Shallow shear-wave and multicomponent seismic techniques – methodical capability, technical developments, data processing, and case studies
In recent years, the application of shear-wave seismic methods for shallow investigations (<500 m depth) has become more and more popular. Shear waves are utilized for, e.g., structural imaging, geotechnical investigation, and elastic parameter studies, and their evaluation comprises techniques, such as reflection imaging, attribute analysis, converted
wave- and VP/VS analysis, travel-time tomography, or full waveform inversion. For shallow studies particularly, shear-wave techniques have a great potential, since near-surface resolution benefits from low shear-wave velocities. Furthermore, the shear wave reflection signals can easily be extracted from the recorded wave-field at small offsets, which makes shear-wave reflection surveying more cost efficient, compared to P-waves.
Shear-wave surveys can further benefit from sealed ground conditions due to the suppression of Love waves, and, thus, are predesignated for the application in urban areas. Shallow shear-wave and multicomponent seismic methods undergo a continuous technical development of specialized sources and customized equipment, including innovative concepts for acquisition and data processing (e.g. interferometry, converted waves, horizontal-to-vertical-spectral-
ratio). Exciting as well as recording several directions of the ground motion simultaneously (we refer to multicomponent seismic) is also beneficial, since it allows separating vertically (SV) and horizontally (SH) polarized shear wave-fields, which is mandatory, e.g., for 3-D surveys. Wave conversion and scattering effects can be distinguished, and differently polarised shear waves simplify the detection of seismic anisotropy.

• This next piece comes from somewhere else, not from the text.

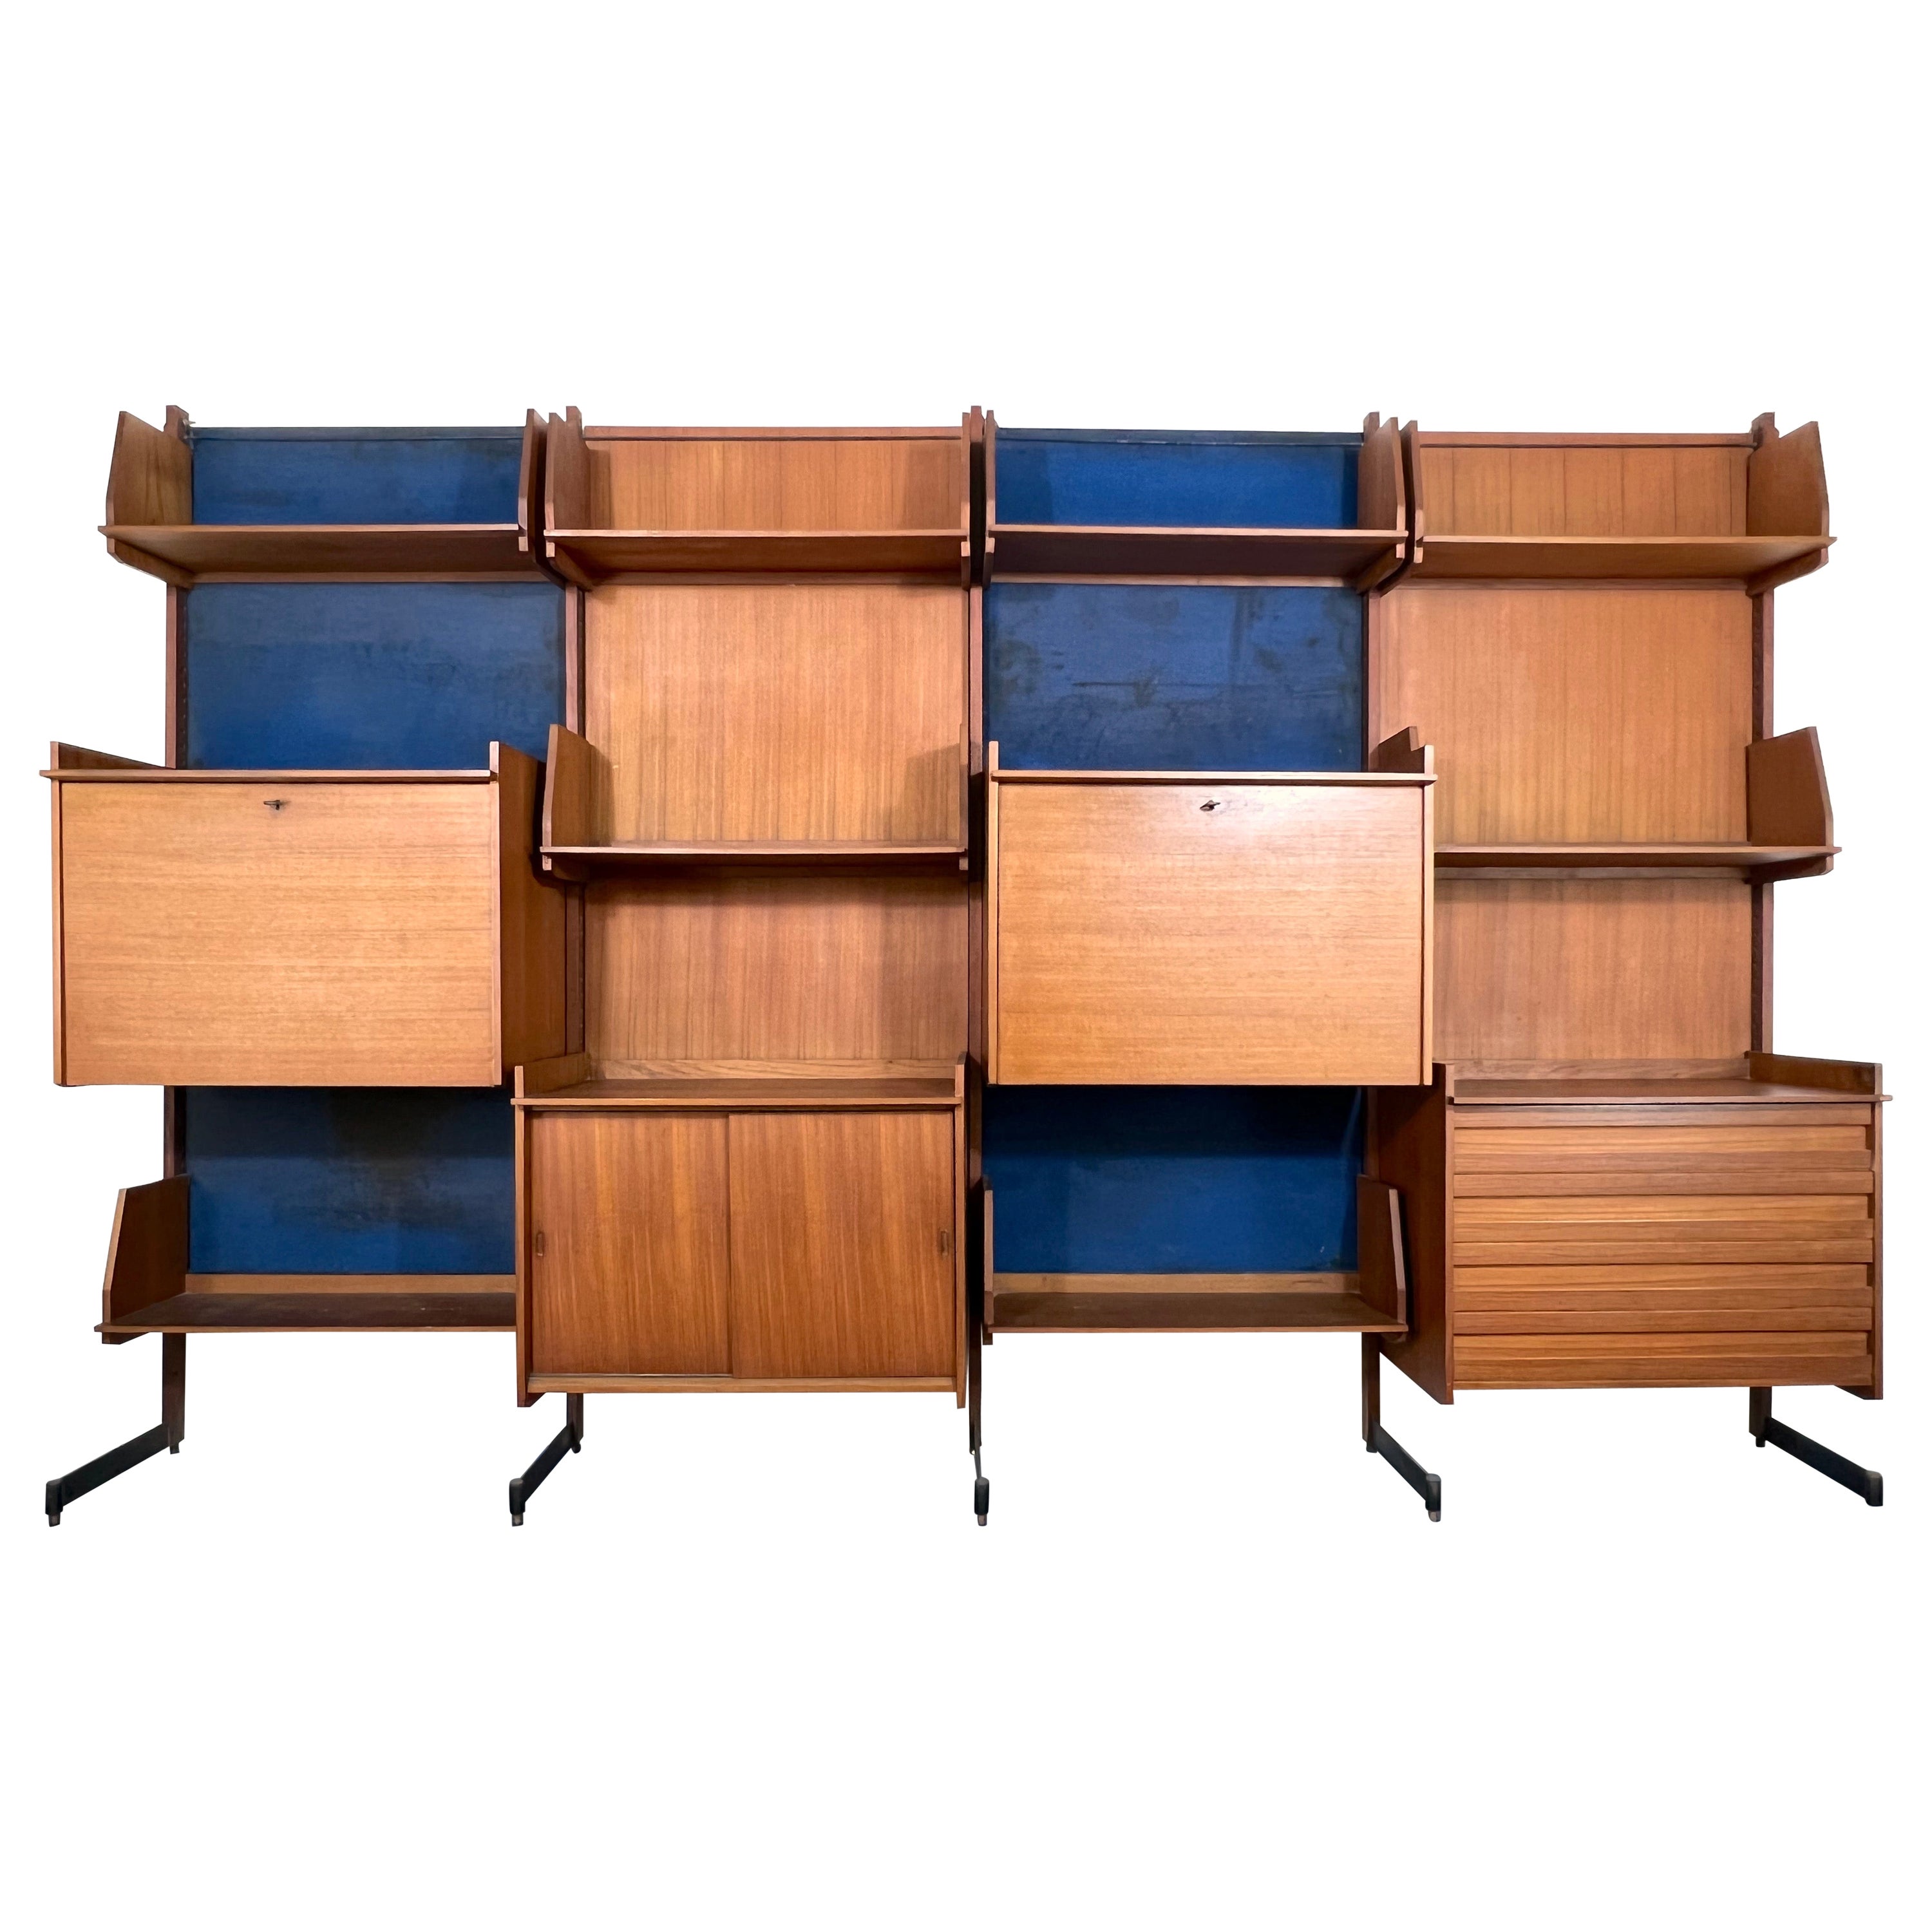 Bibliothèque modulaire en bois The Modernity des années 50

This session shall promote the exchange of experience using shear waves in shallow applications and trigger discussions about their potential in seismic imaging. Combined studies integrating P-waves are highly appreciated. With the focus on shear body waves, we invite, but do not restrict, contributions to technical development, data analysis, seismic
processing, and case studies. The latter may comprise, e.g., (a) geotechnical studies, such as examination of soil rigidity or dams, (b) exploration of structures, such as volcanic craters or groundwater resources, (c) analysis of potential geo-hazards like faults, quick clays, landslides, sinkholes, and subrosion features, and (d) more exotic applications, such as the exploration of glacier ice thickness, permafrost or other planets.
Reflection seismic is indispensable in evaluating depth, lateral extent, and heterogeneity of the shallow aquifers related to e.g., glacial sediments. Kurikka area in western Finland is an example of a complex groundwater system. It is being studied for its potential to supply water to the nearby city of Vaasa (with around ~150000 people and large industries in the area). The confined aquifer is topped with soft lake sediments and clays. Below the clays, a mixture of sands and gravels extends down to the bedrock, which can be as deep as 70-100 m. Felsic rocks (granites, granodiorites) constituting bedrock are weathered, fractured, and faulted. Because of the sparse outcrops, mapping of the bedrock fracture zones was based on gravity data and boreholes. Location, dimension, and connectivity of those fractures constitute a big uncertainty in the groundwater flow modeling.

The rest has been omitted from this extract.